La poule et le chat se comportaient comme les seigneurs de la maison.

La poule lui demanda :

- Pouat, pouat, tu sais pondre un oeuf toi ?

- Non, répondit le caneton.

Et le chat lui dit :

- Miaou, tu sais ronronner, toi ?

- Non plus, fit le petit canard un peux honteux.

Plus tard, il eut envie de leur parler de la délicieuse sensation de nager, de barboter, de plonger...

- Tu es fou ! pour quoi faire ? dit le chat.

- Quelle idée stupide ! fit la poule d’un air méprisant.

- Vous ne pouvez pas comprendre, murmura le caneton tristement. Il savait bien qu’il ne saurait ni ronronner ni pondre!

Désespéré, rejeté à nouveau, il décida de s’en aller.

 

Bientôt la saison sèche s’installa. Les feuilles jaunies tombèrent, emportées par le vent ; la chaleur devint de plus en plus mortifiante. Heureusement, la nuit lui permettait de reprendre son souffle, de se rafraîchir.

 

Un soir, il y eut un magnifique coucher de soleil. Le petit canard, émerveillé, le contemplait, lorsqu’il vit surgir des buissons un groupe de grands oiseaux majestueux, d’un noir éblouissant, au long cou souple et fin: c’étaient des cygnes.

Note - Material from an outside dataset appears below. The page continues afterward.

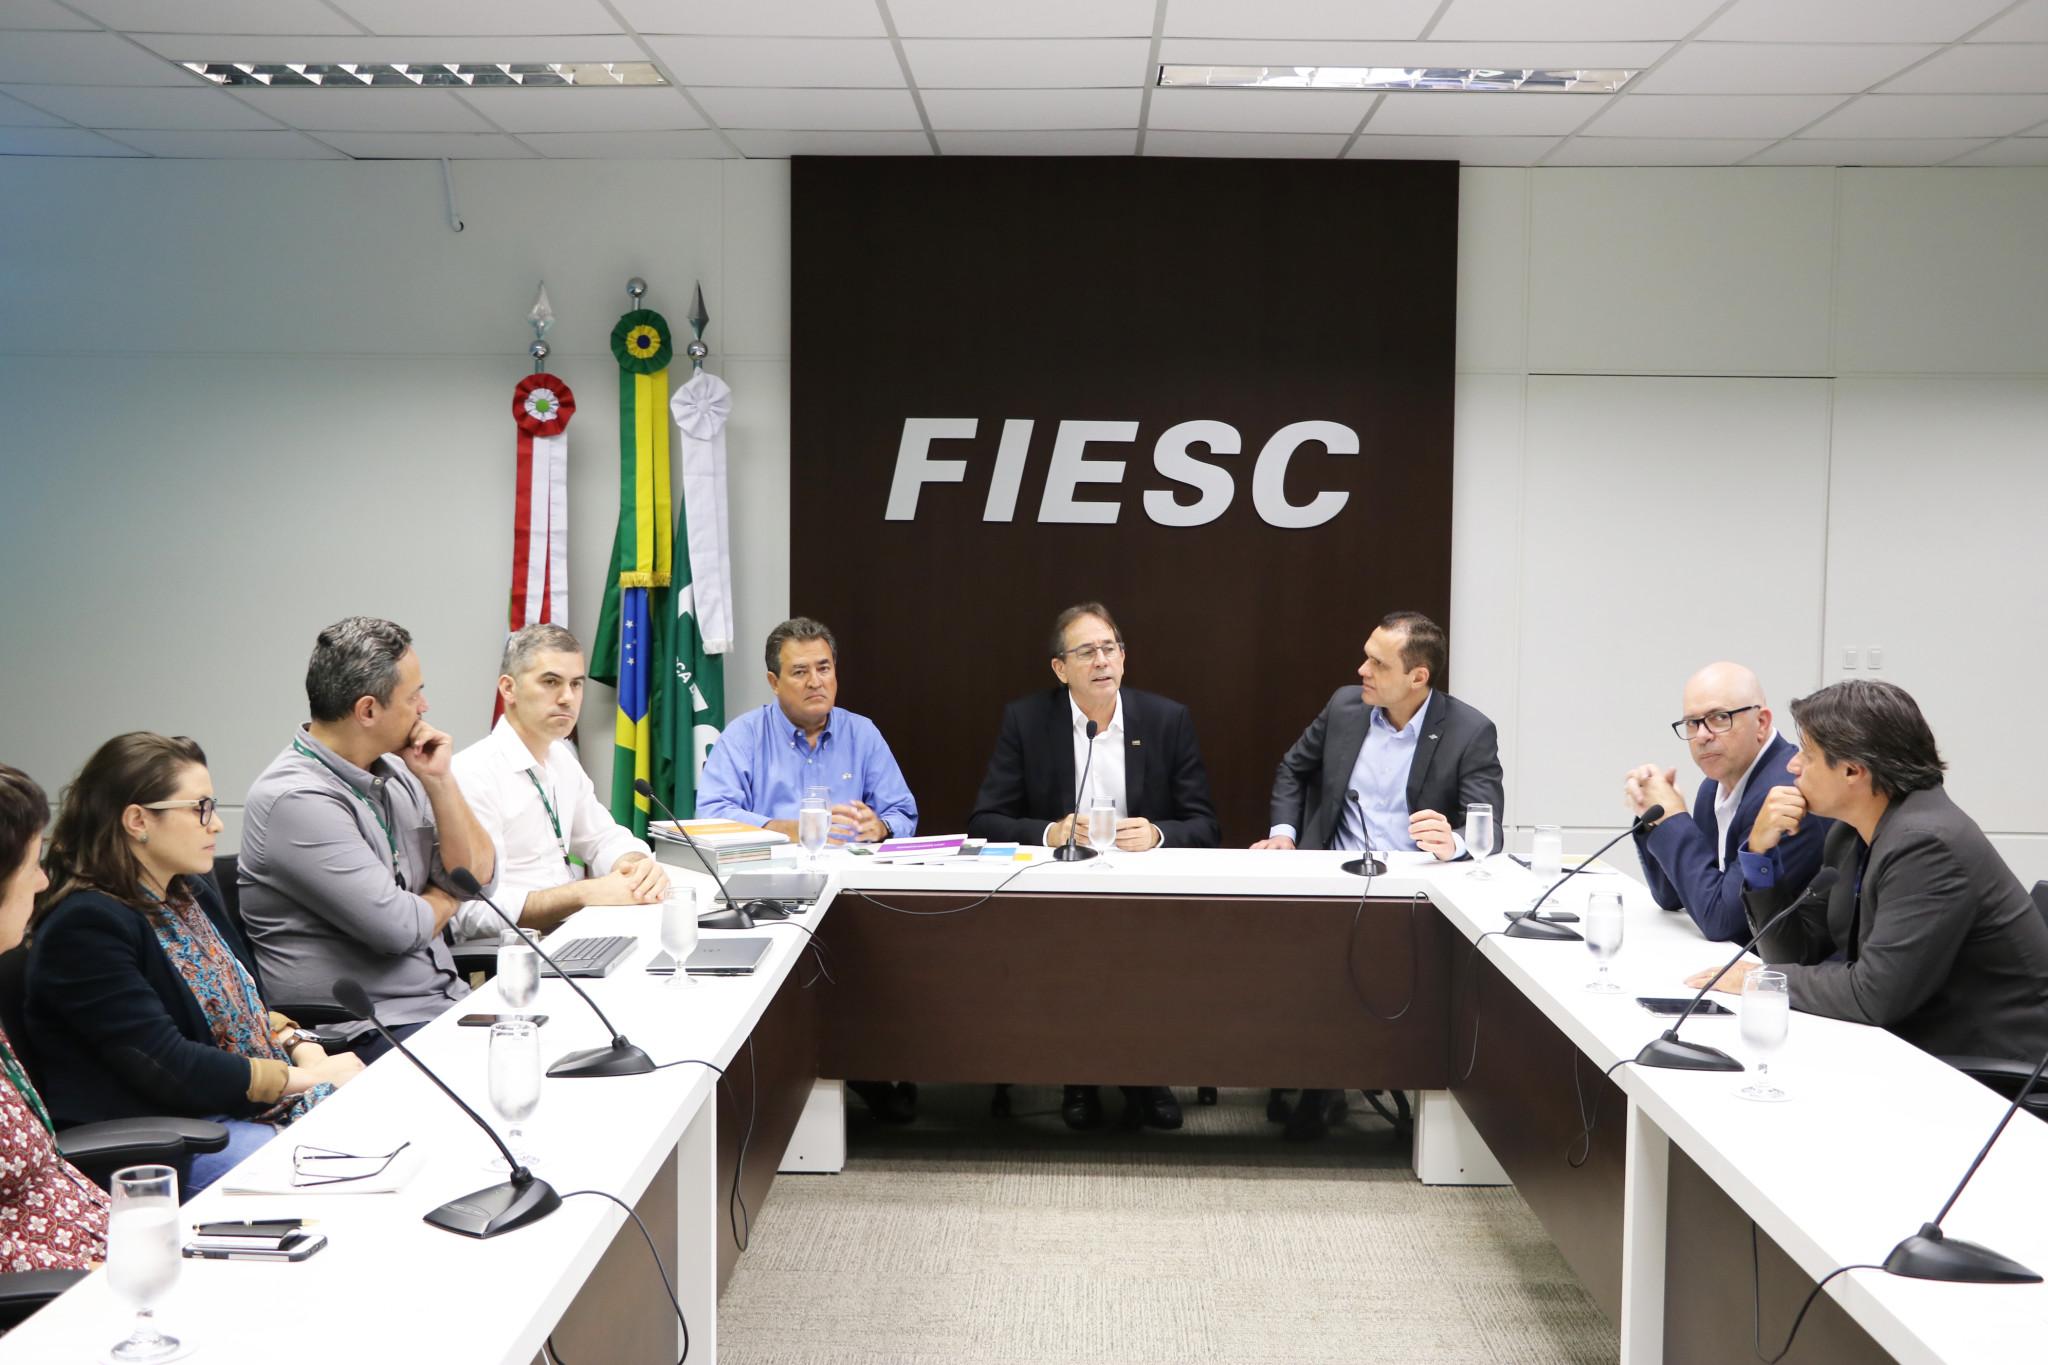 Visita técnica ao Observatório dos Pequenos Negócios, na Federação das Indústrias do Estado de Santa Catarina

Ils poussèrent leur cri bien particulier, déployèrent leurs ailes gracieuses et s’envolèrent vers un endroit plus clément.

 

On ne sut jamais par quel miracle il survécut à cette saison  de sécheresse.

 

Le climat enfin finit par s’adoucir, c’était le temps de la saison des pluies. la saison ou la nature allait se régénérer, le désert fleurir.

 

Un matin, il se retrouva dans un endroit splendide où les fleurs répandaient mille parfums. Et sur l’eau calme d’une mare, que vit-il ? De superbes cygnes noirs qui glissaient le plus gracieusement du monde. Le caneton les reconnut tout de suite. C’étaient ceux qui l’avaient tant émerveillé à l’automne, et, irrésistiblement attiré par eux, il s’approcha :

- Tant pis s’ils se moquent de moi, tant pis s’ils me chassent et tant pis même s’ils me tuent, pensait-il en les rejoignant. Je préfère encore cela à la solitude ou à la haine des autres animaux !

Les oiseaux merveilleux l’aperçurent et vinrent à sa rencontre.

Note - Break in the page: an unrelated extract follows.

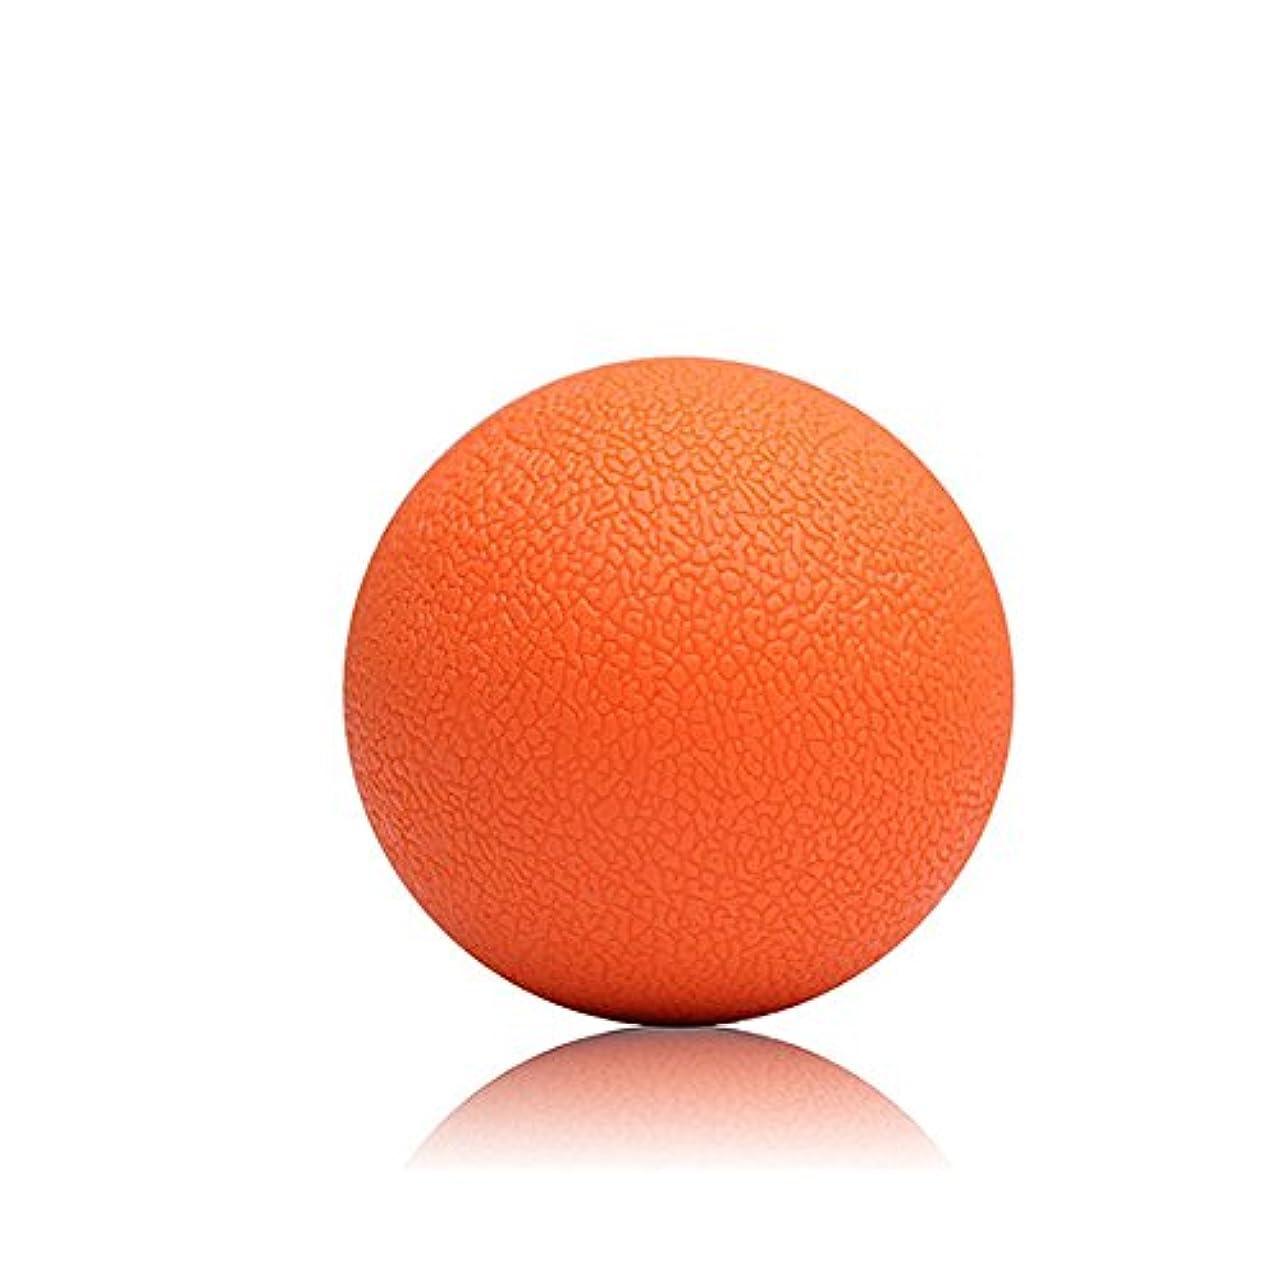 ボリューム呼び起こす注釈マッサージボール 筋膜リリース 指圧ボール 足裏 ふくらはぎ ツボ押しグッズ 健康グッズ

- Tuez-moi si vous voulez ! leur cria-t-il en penchant sa tête sur l’eau. Mais quelle surprise soudain, son reflet n’était plus celui d’un vulgaire oiseau gris et laid... mais celui d’un beau cygne au plumage noir éclatant. Il ne comprit pas tout de suite que c'était bien lui qu’il voyait, lui qui avait grandi et changé.

Il était devenu un cygne que les autres à présent caresseraient de leur bec.

Puis des enfants aborigènes arrivèrent et jetèrent du pain dans l’eau ; l’un deux s’écria :

- Regardez ! Regardez, il y en a un nouveau.

- Oh oui, et c’est le plus beau ! s’émerveilla une petite fille.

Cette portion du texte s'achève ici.